Chery setzt mit AiMOGA-Robotern auf den nächsten Wachstumsschub

Der chinesische Autobauer Chery stellt eine Familie spezialisierter Serviceroboter vor und positioniert die Robotik als zentrales Wachstumsfeld neben dem Fahrzeuggeschäft.

Der chinesische Autoriese Chery stellt seine Automobil-Kompetenz in den Dienst einer neuen Zukunftsvision: intelligente Roboter für den Alltag. Auf einer Technologie-Veranstaltung in Wuhu präsentierte das Unternehmen die AiMOGA Robot Family und skizzierte seine Strategie für „verkörperte Intelligenz“. Damit positioniert Chery die Robotik als dritte zentrale Wachstumssäule neben dem Kerngeschäft mit Fahrzeugen.

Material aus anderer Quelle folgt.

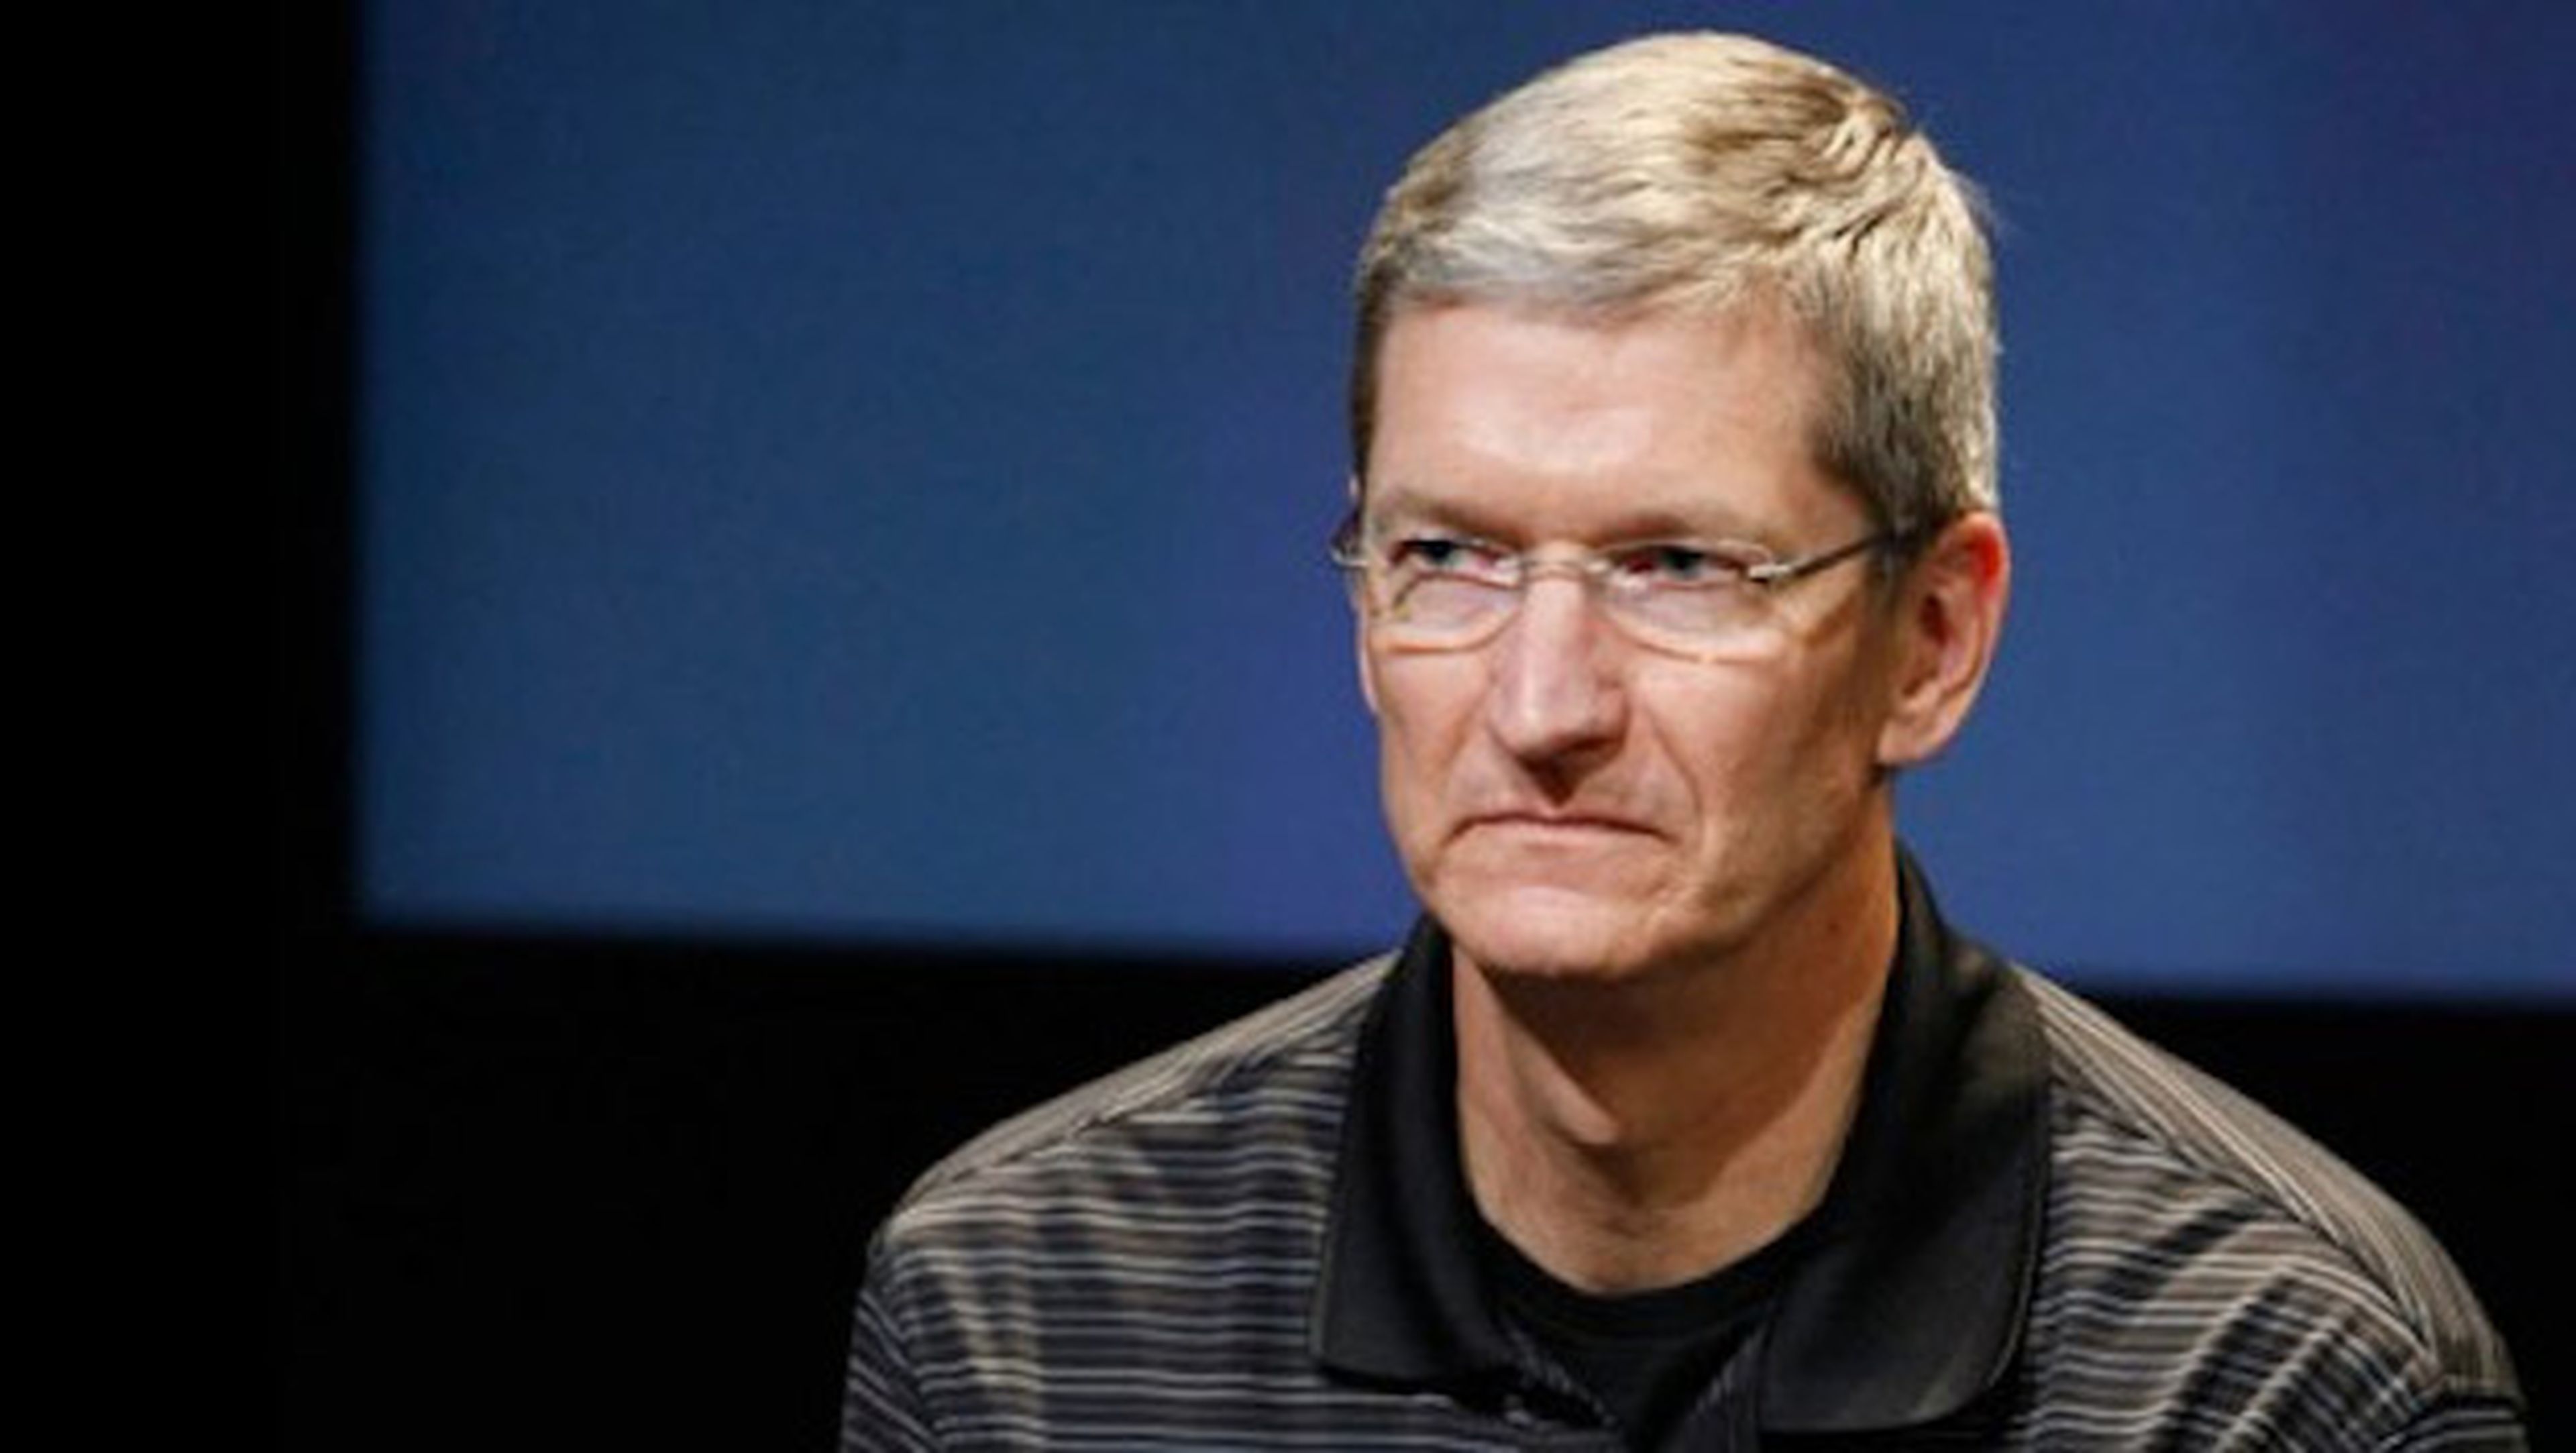 Cook reconoce iPhone 5C no tuvo éxito esperado

Vom Verkehrsroboter zum Pflege-Assistenten

Im Mittelpunkt der Präsentation stand die Vorstellung spezialisierter Serviceroboter für konkrete Einsatzzwecke. Damit geht Chery einen anderen Weg als viele Konkurrenten, die auf vielseitige Humanoiden setzen. Statt eines Universalgenies zeigt der Konzern eine ganze Produktfamilie.

Zu den neuen Modellen gehört der „Wuyou“ Intelligent Police R001, ein Verkehrspolizei-Roboter für den Einsatz im Stadtverkehr. Ein weiteres Modell ist der „AiMOGA Care“ RN001, entwickelt für Assistenzaufgaben im Gesundheitswesen. Diese Roboter sollen durch physische Präsenz, autonomes Handeln und Echtzeit-Feedback ihre Umgebung wahrnehmen und Aufgaben lösen. Die Botschaft ist klar: Chery will mit praxistauglichen Lösungen punkten, die gesellschaftliche Bedürfnisse adressieren.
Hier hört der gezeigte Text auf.